Connexin-mediated signalling in non-sensory cells is crucial for the development of sensory inner hair cells in the mouse cochlea.

Mutations in the genes encoding for gap junction proteins connexin 26 (Cx26) and connexin 30 (Cx30) have been linked to syndromic and non-syndromic hearing loss in mice and humans. The release of ATP from connexin hemichannels in cochlear non-sensory cells has been proposed to be the main trigger for action potential (AP) activity in immature sensory inner hair cells (IHCs), which is crucial for the refinement of the developing auditory circuitry. Using connexin knockout mice, we show that IHCs fire spontaneous APs even in the absence of ATP-dependent intercellular Ca(2+) signalling in the non-sensory cells. However, this signalling from non-sensory cells was able to increase the intrinsic IHC firing frequency. We also found that connexin expression is key to IHC functional maturation. In Cx26 conditional knockout mice (Cx26(Sox10-Cre)) the maturation of IHCs, which normally occurs at around postnatal day 12, was partially prevented. Although Cx30 has been shown not to be required for hearing in young adult mice, IHCs from Cx30 knockout mice exhibited a comprehensive brake in their development, such that their basolateral membrane currents and synaptic machinery retain a pre-hearing phenotype. We propose that IHC functional differentiation into mature sensory receptors is initiated in the pre-hearing cochlea provided that the expression of either connexin reaches a threshold level. As such, connexins regulate one of the most crucial functional refinements in the mammalian cochlea, the disruption of which contributes to the deafness phenotype observed in mice and DFNB1 patients.

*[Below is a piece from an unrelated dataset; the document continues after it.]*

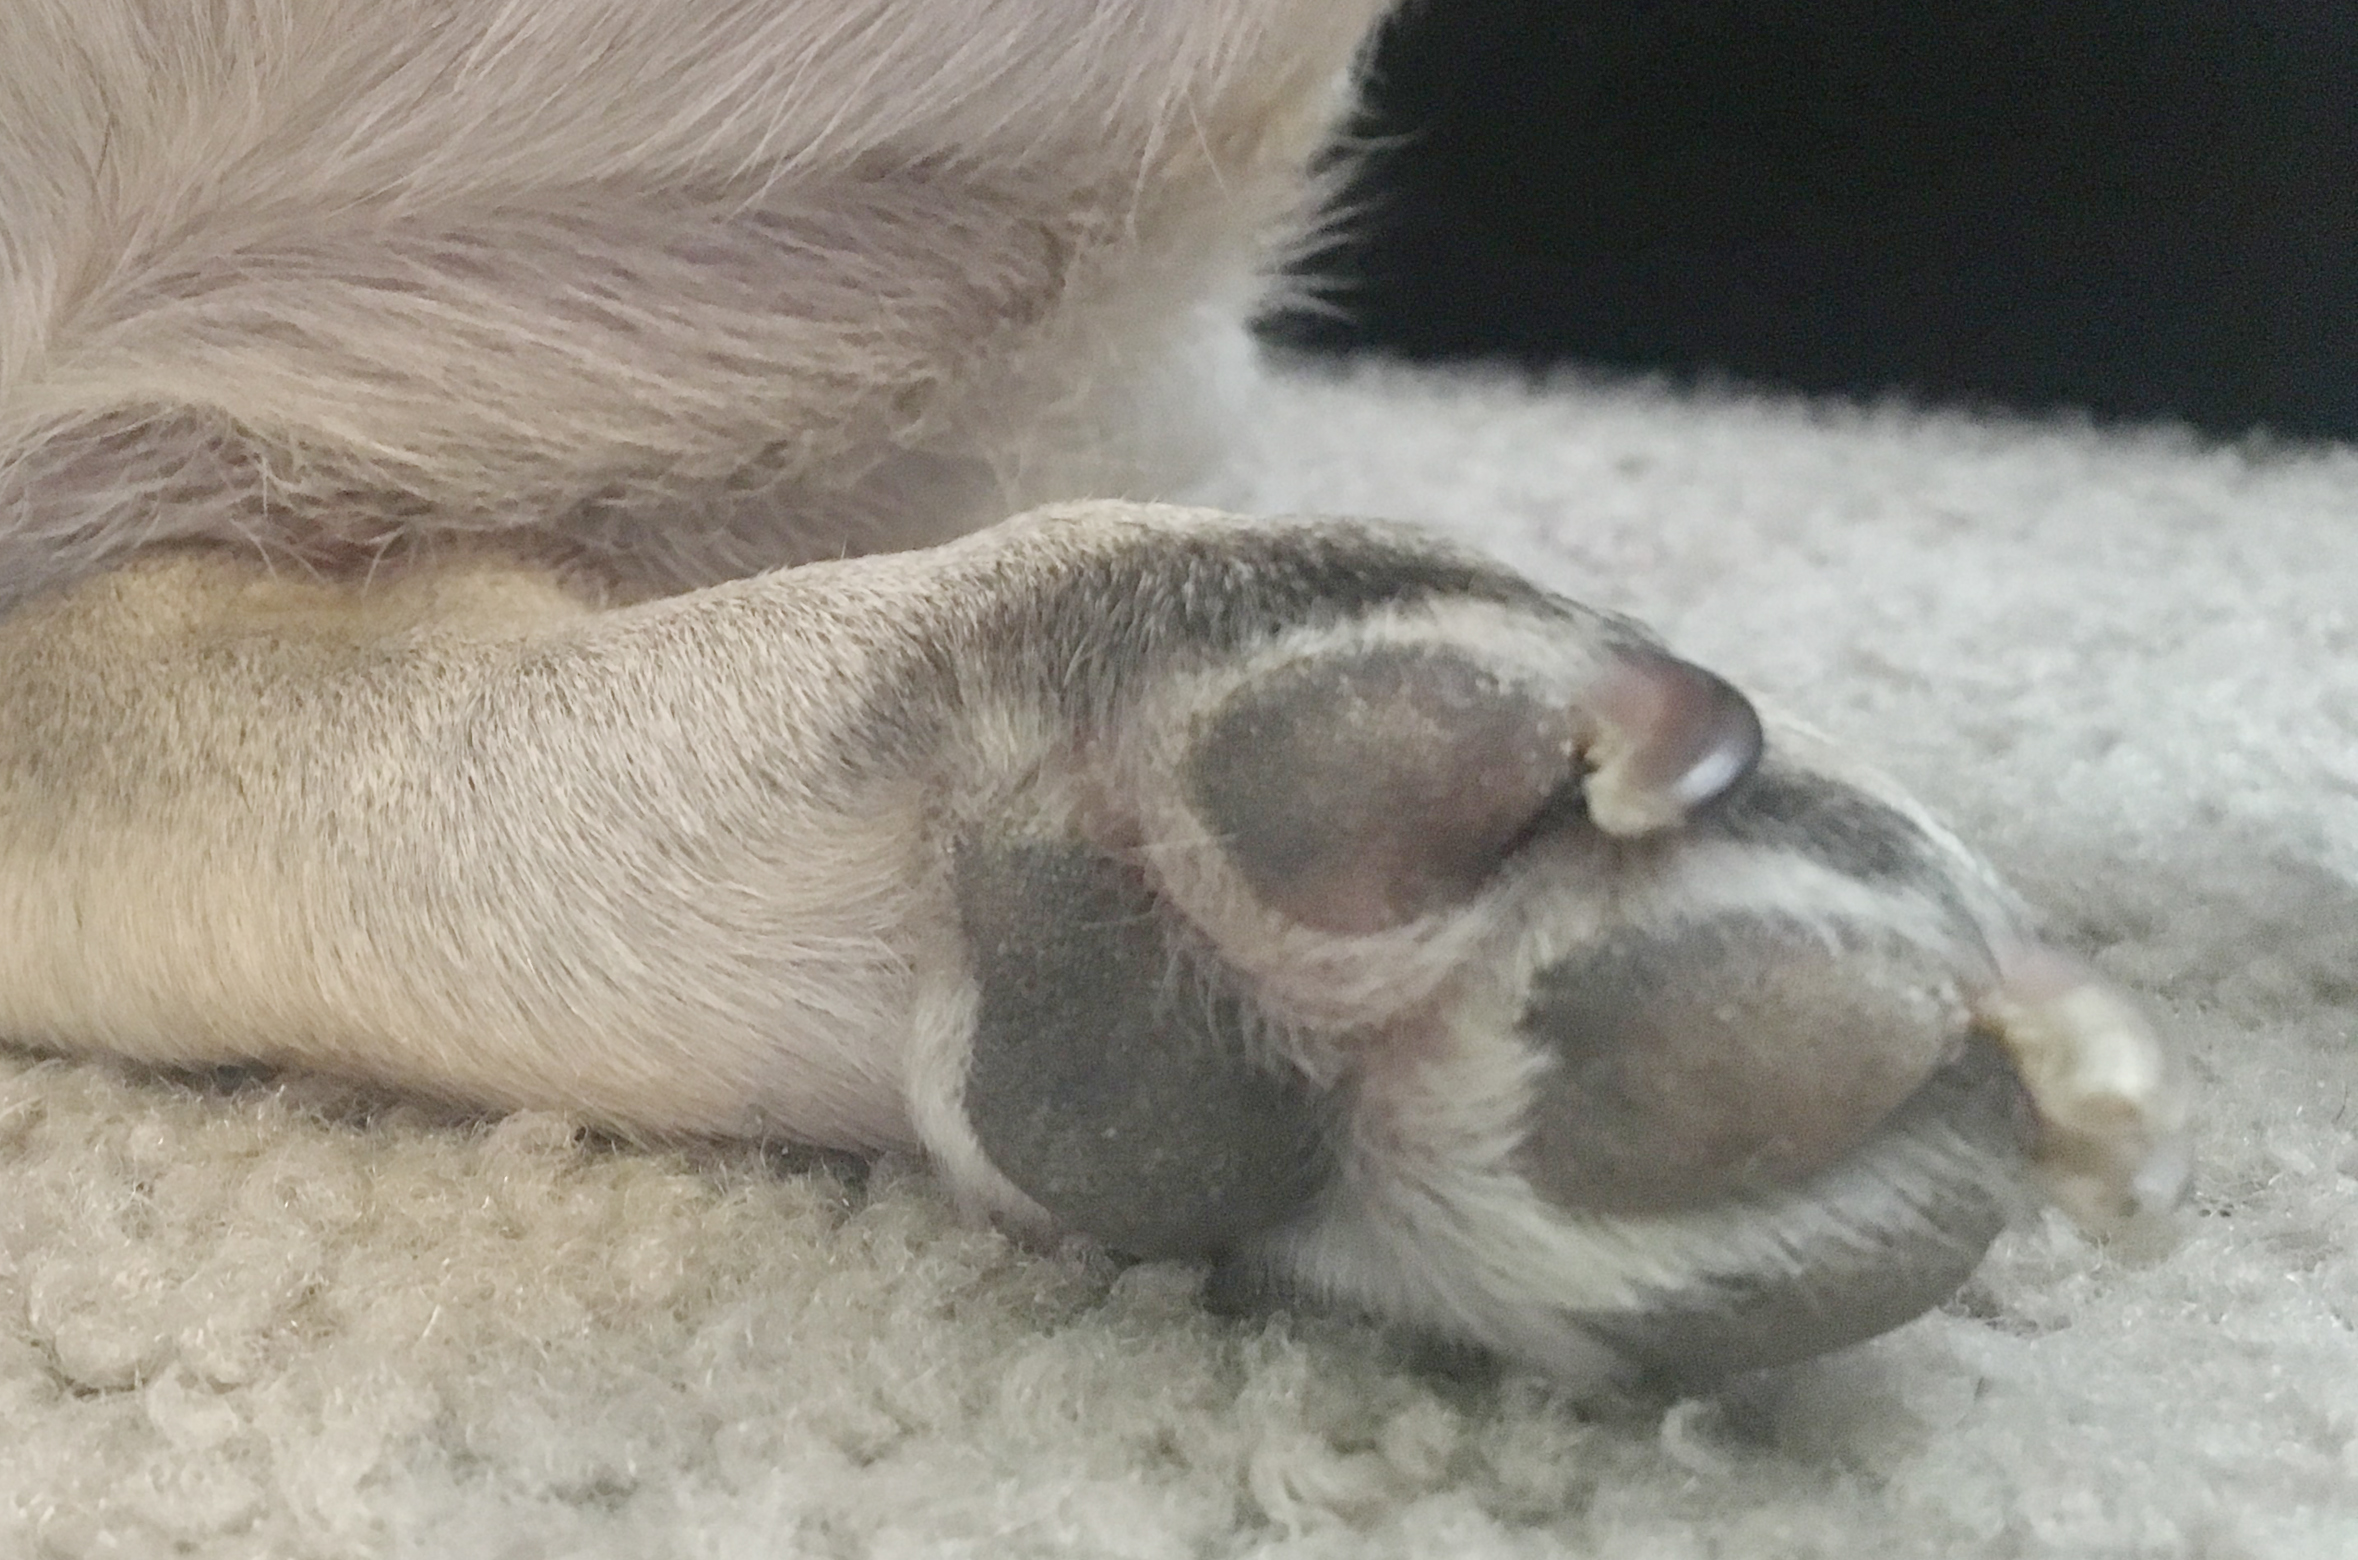 How Do I Keep My Pug’s Feet From Freezing in the Cold Weather?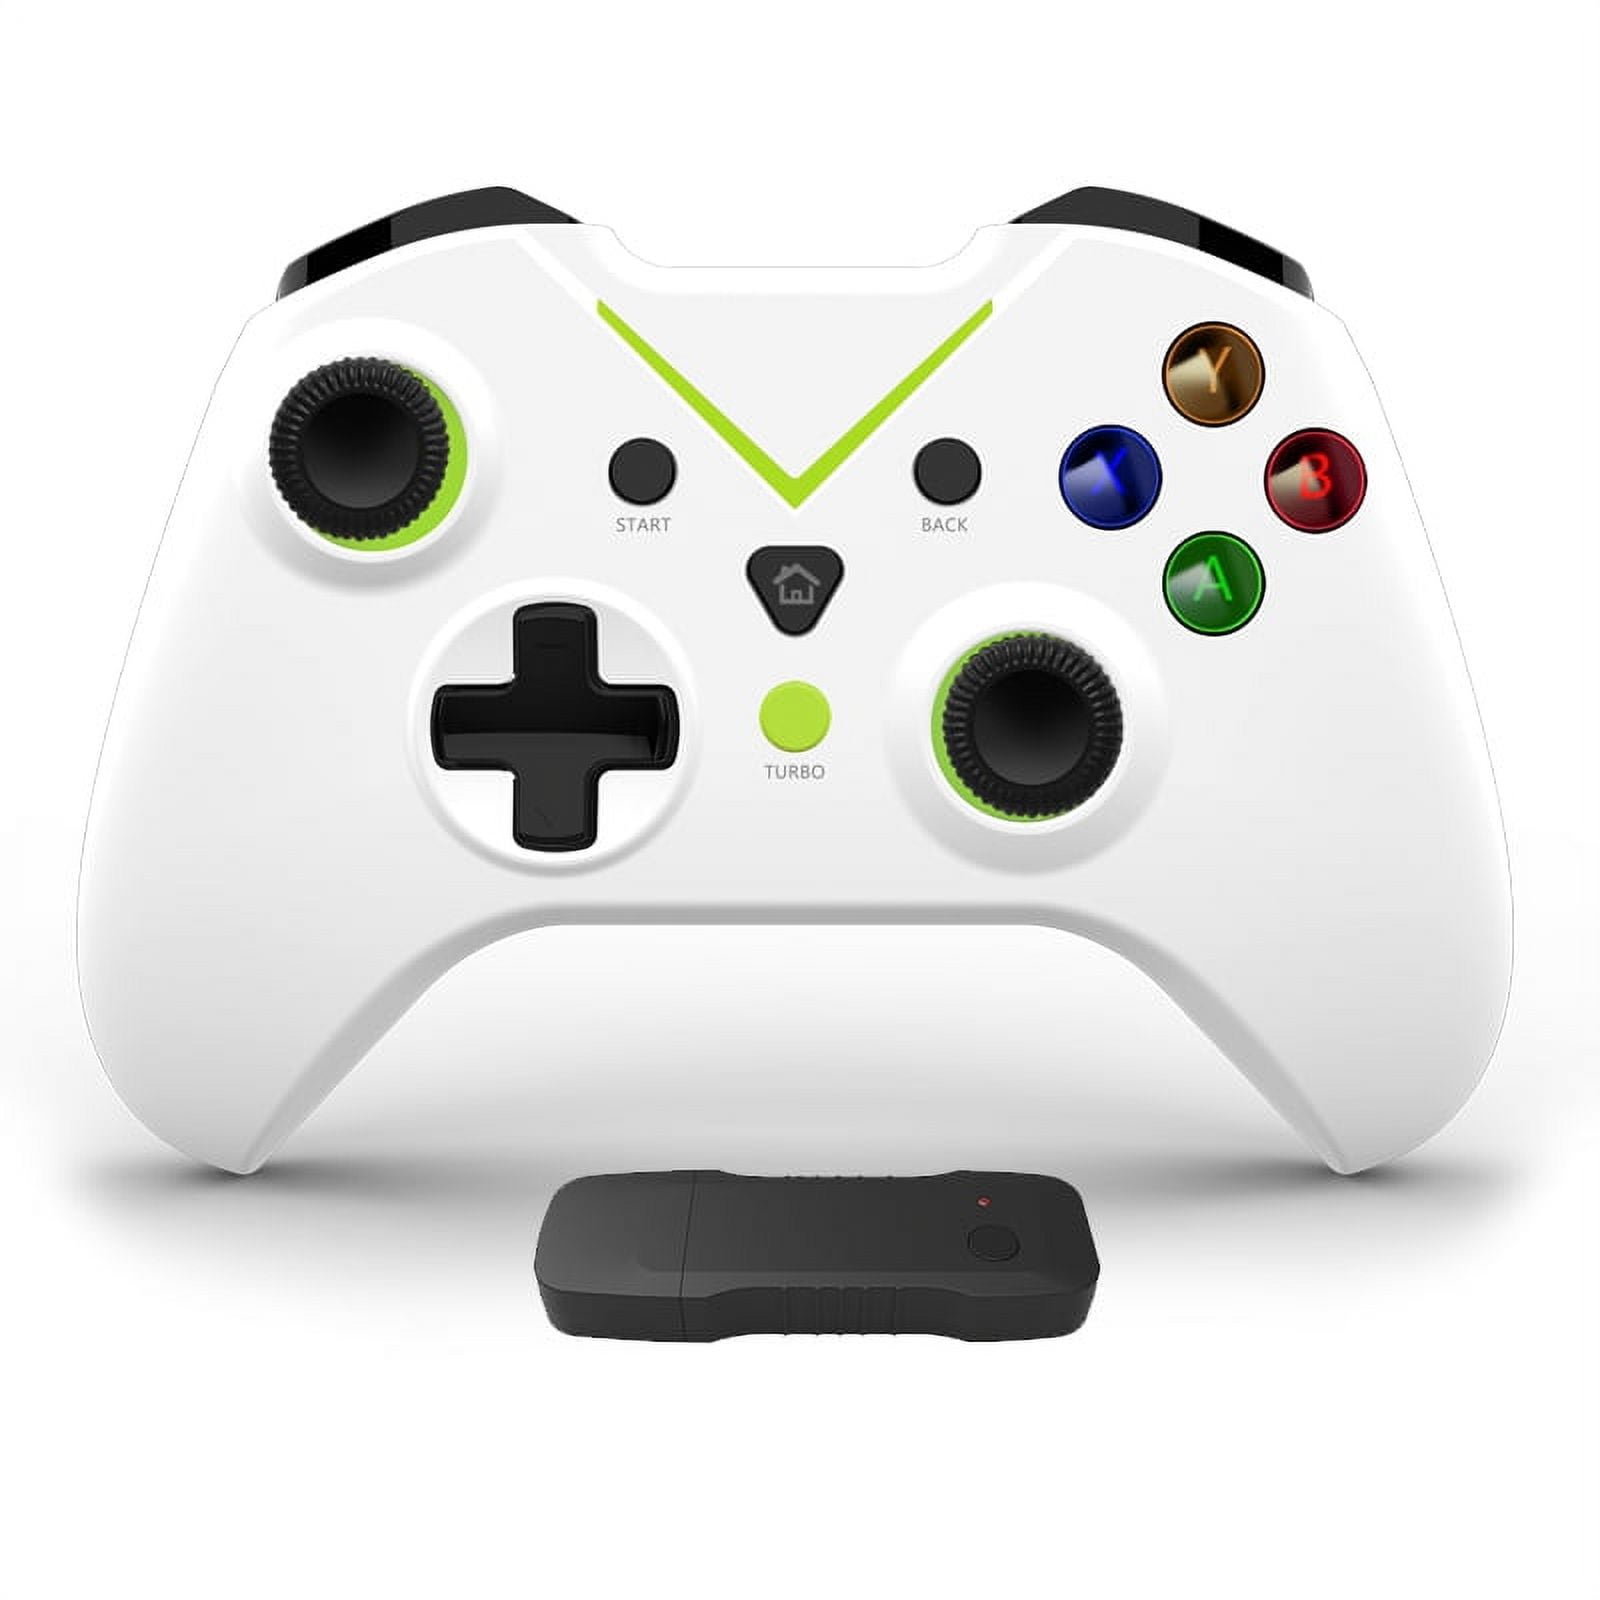 Pair Your Xbox Controller to PC Effortlessly

SIGNIFICANCE STATEMENT: The correct development and function of the mammalian cochlea relies not only on the sensory hair cells, but also on the surrounding non-sensory cells. Although the non-sensory cells have been largely implicated in the general homeostasis in the mature cochlea, their involvement in the initial functional differentiation of the sensory inner hair cells is less clear. Using mutant mouse models for the most common form of congenital deafness in humans, which are knockouts for the gap-junction channels connexin 26 and connexin 30 genes, we show that defects in non-sensory cells prevented the functional maturation of inner hair cells (IHCs). In connexin knockouts, IHCs remained stuck at a pre-hearing stage of development, and as such are unable to process sound information.